Like all offerings of Engineering 100, Microprocessors and Toys: An Introduction to Computing Systems is designed to attract both budding engineers and curious students from a variety of other disciplines. “The goal of the course,” Chen explains, “is to give students experience with the complete lifecycle of a substantial engineering project, and that includes looking at the market, proposing a design that fits that need, implementing the proposed design, and presenting the project.”
Since group work is an important part of engineering, students are divided into groups of four. Each group is given a printed DE2 circuit board (donated by Altera). The course is co-taught with a technical communications instructor who aids the students in documentation and helps them prepare for product presentations. Assisted by pertinent lectures and given plenty of lab time, students configure their boards using CAD software and eventually build a working synthesizer of their unique design. Former student John Dydo recalls, “working in the group turned out to be great. It’s an experience when you have to deal with people who have different styles. It’s important to let people focus on their strengths.”
The key to Chen’s success? “I just spend a lot of time hanging out with them in the lab because it’s fun to be with the students and see what they’re doing. They enjoy it—they like getting the help. It also gives me a chance to be on the ground level with them, and see how they’re working together.”

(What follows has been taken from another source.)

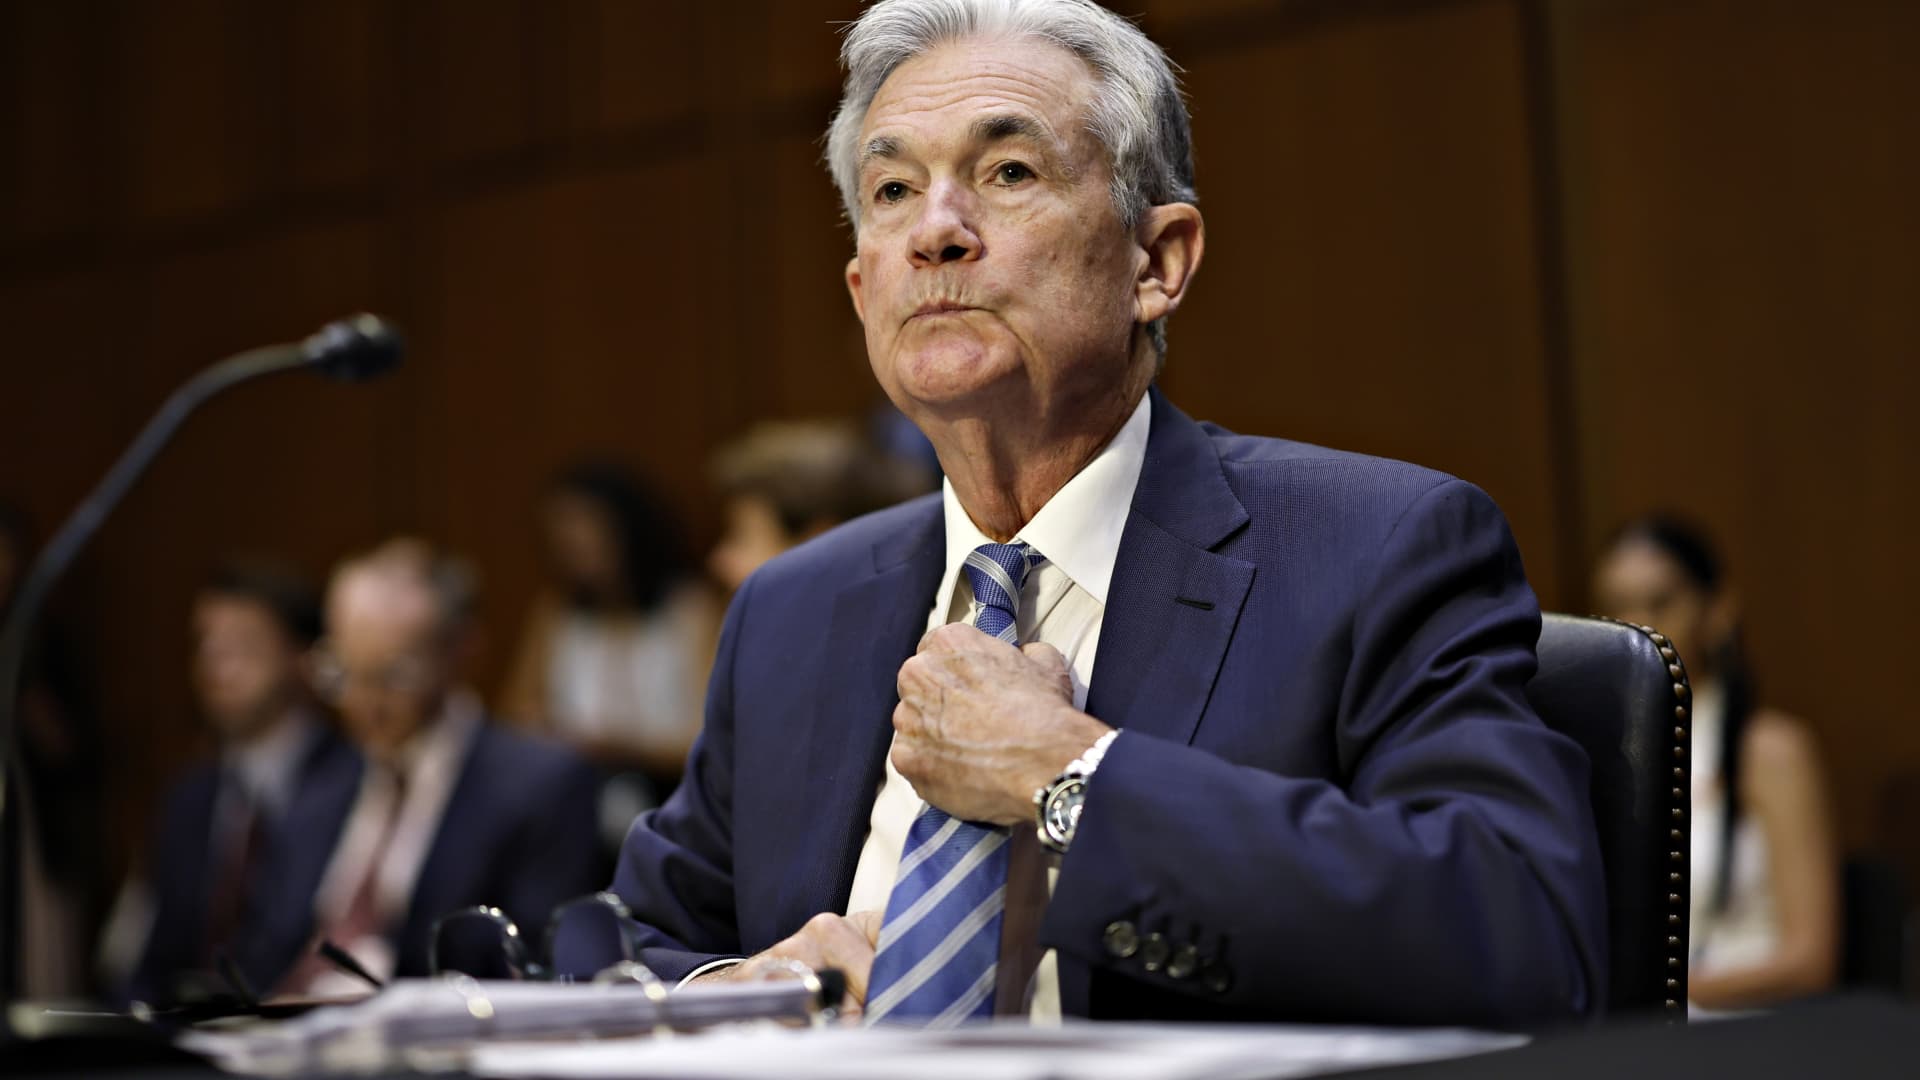 Powell tells Congress the Fed is 'strongly committed' to bringing down inflation - CNBC Finance (Picture 1)

Junior Ben Kempke, who went on to serve as an Instructional Assistant in two subsequent semesters of ENG 100, testifies to Chen’s dedication to teaching: “Prof. Chen wanted to get a personal knowledge of every student in the class. He memorizes everybody’s names the first day.”
Students in the class come away with an overview of at least three EECS courses and a smattering of a fourth. Most importantly, the course builds confidence and encourages further study. As Chen puts it, a student having completed Microprocessors and Toys has learned enough to appreciate the study of computer engineering - both how complicated it can seem, and how understandable it can be.